Europa está avanzando en la construcción de un túnel inmerso que se convertirá en el más largo del mundo en esta categoría. Este proyecto, conocido como Fehmarnbelt Fixed Link, conectará Rødbyhavn, en la isla danesa de Lolland, con Puttgarden, en la isla alemana de Fehmarn. No solo se trata de una conexión local, sino que integrará tráfico por carretera y ferrocarril, con cuatro carriles y dos vías electrificadas, prometiendo reducir drásticamente los tiempos de cruce entre Dinamarca y Alemania. Se espera que el trayecto en automóvil dure unos diez minutos y en tren aproximadamente siete.

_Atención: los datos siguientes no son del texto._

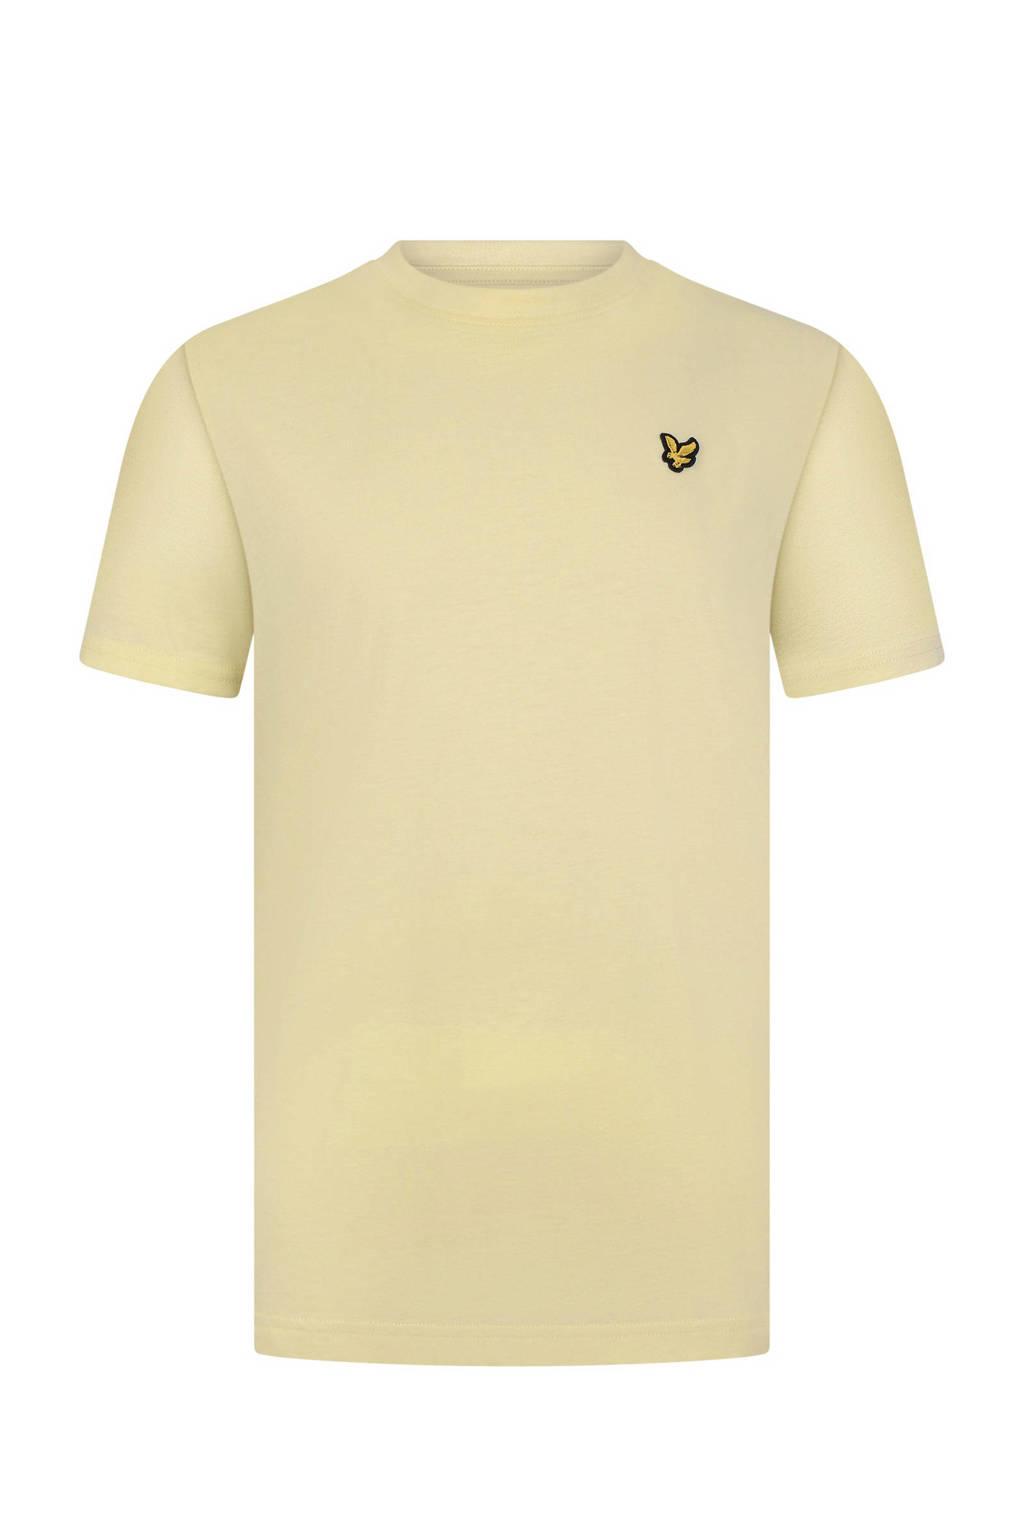 Lyle & Scott T-shirt lichtgeel, Lichtgeel

El avance en la construcción ha sido notable en los últimos meses. En mayo de 2026, la empresa Femern informó que el primer gran elemento de hormigón había sido sumergido y conectado en el lado danés. En junio, se instaló el segundo elemento, lo que permitió alcanzar más de 500 metros en total. Este progreso indica que el Fehmarnbelt ya no es solo un proyecto en papel, sino una infraestructura tangible que comienza a tomar forma bajo el mar.
Sin embargo, el desarrollo del túnel no está exento de complicaciones. La construcción de este tipo de túnel no se realiza mediante excavaciones tradicionales bajo el lecho marino. En primer lugar, se debe drenar una zanja en el fondo del estrecho. Posteriormente, cada sección se transporta flotando hasta su posición final, donde debe ser bajada con precisión para encajar con la anterior. Cada uno de estos elementos estándar mide 217 metros y pesa aproximadamente 73.500 toneladas, lo que requiere un alto grado de planificación y precisión en cada movimiento.
A pesar del progreso, el calendario del proyecto se ha visto afectado. El pontón de inmersión IVY, esencial para bajar y colocar los segmentos del túnel, ha enfrentado retrasos debido a la falta de aprobaciones necesarias. Esta situación está generando preocupaciones sobre el cumplimiento de los plazos establecidos, complicando aún más el desarrollo de la obra. Cada operación que se realiza en este proyecto debe ser meticulosamente calculada, lo que ha llevado a que el avance sea más lento de lo esperado.
La construcción del Fehmarnbelt Fixed Link representa un esfuerzo significativo para mejorar la conectividad en la región del Mar Báltico. Este túnel no solo facilitará el transporte entre Dinamarca y Alemania, sino que también es un ejemplo de la ambición europea en materia de infraestructuras. La obra, que se ha ido gestando durante años, refleja la importancia de las inversiones en infraestructura para potenciar el crecimiento económico y facilitar el comercio en la región.
Contexto: El Fehmarnbelt Fixed Link es un proyecto que busca mejorar la infraestructura de transporte en Europa, lo que es esencial para fomentar la interconexión entre los países nórdicos y el resto de Europa. Con una inversión estimada que supera los 7.000 millones de euros, la obra promete transformar las dinámicas de movilidad en esta parte del continente. La finalización del túnel está prevista para 2029, lo que marcaría un hito en la ingeniería civil y en la cooperación entre naciones europeas.